# Cheap insurance



## Corny (Sep 19, 2006)

I have just changed my insurance because I wanted a second car insured.

I was paying about £700 for the Skyline R32 GTSt and wanted to add my old Volvo S40 onto a policy. My current insurers wanted £790 for the Volvo because it is a new policy.

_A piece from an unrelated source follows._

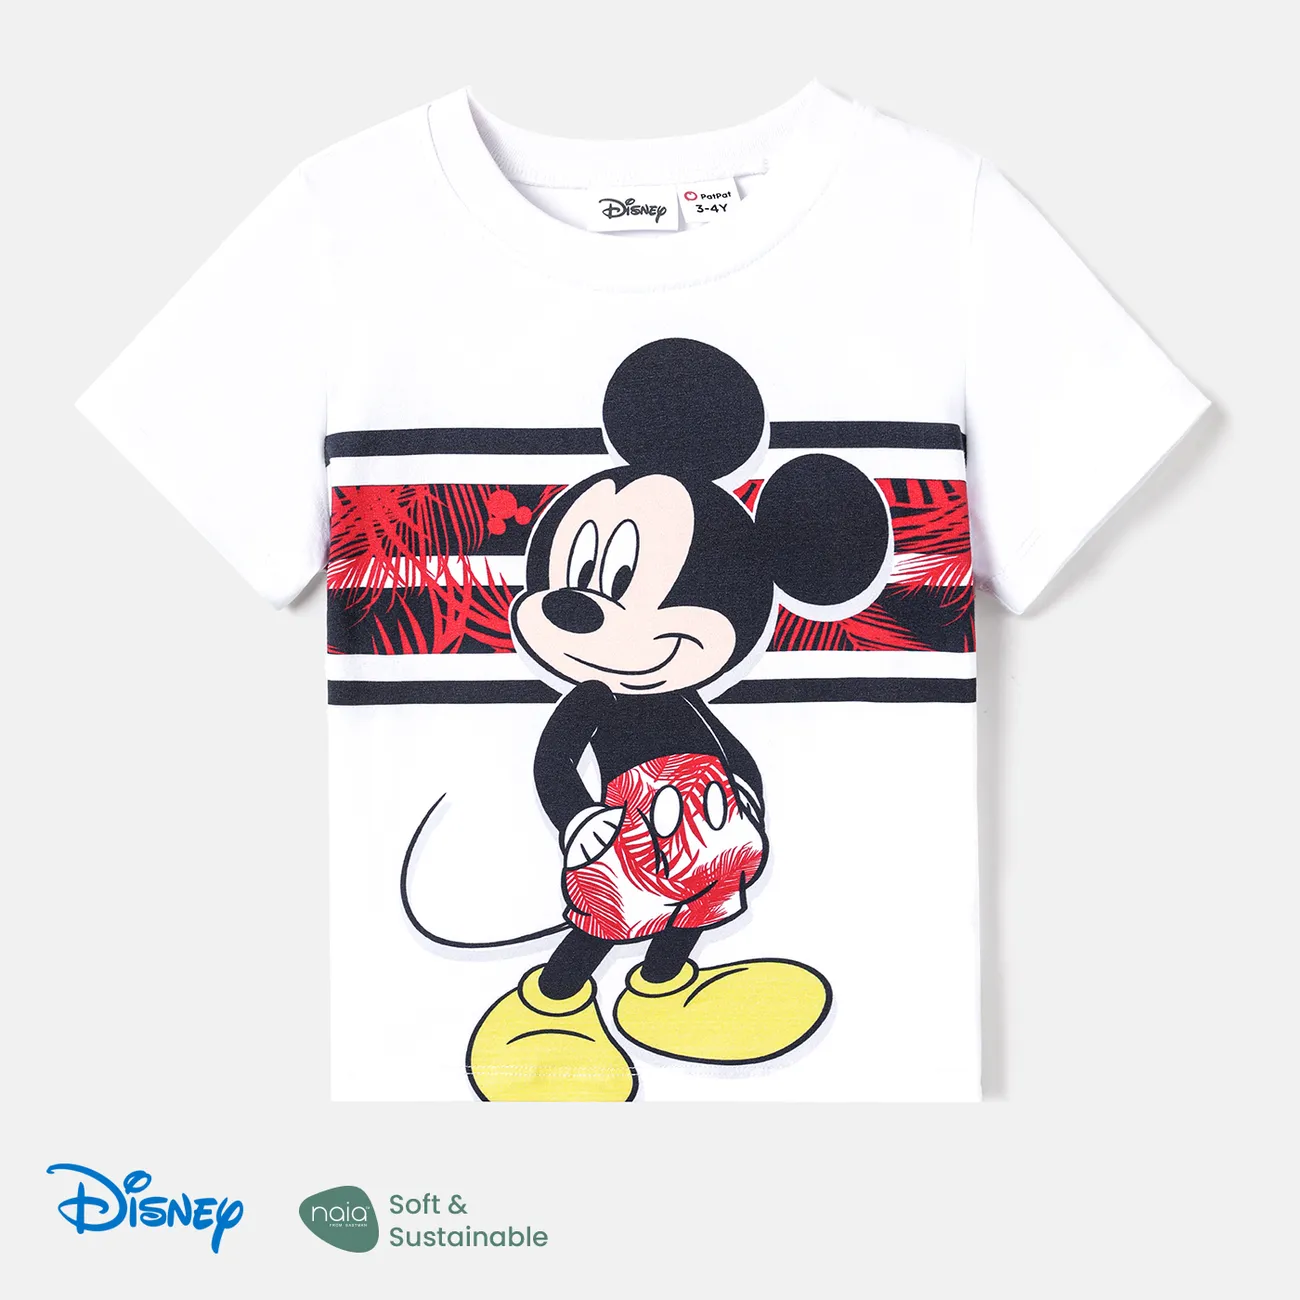 Disney Mickey and Friends Family Matching Plant Print Splice Ruffled Cami Dresses and Striped Cotton Short-sleeve T-shirts Sets Red big image 1

Called Basildon Insurance and got BOTH for £735 fully comp with protected NCB on the Skyline and 60% introductory NCB on the Volvo. Includes business mileage. 

Result!!

My brother in law put me on to them because he was shopping around for insurance on his Saab and chopped about 40% off his insurance.

Worth a try for anyone.

Get them on 01268 270886


Graham


----------



## GTR RICH (Oct 30, 2005)

UK Car and Home Insurance Quotes.:thumbsup:


----------



## g_torphins (Jul 20, 2005)

Wow!
Thanks for the tip Graham!!:bowdown1: 

Just called A-Plan who quoted £662

Basildon quoted £417 !!:smokin: 

No guessing who I'll be taking a policy out with....


----------



## Corny (Sep 19, 2006)

It's nice to spread a bit of joy!


----------



## Kemnay (Jan 24, 2006)

£752 to insure my R33 gts-t, my Honda Civic Turbo Diesel and my VW trike

well happy


----------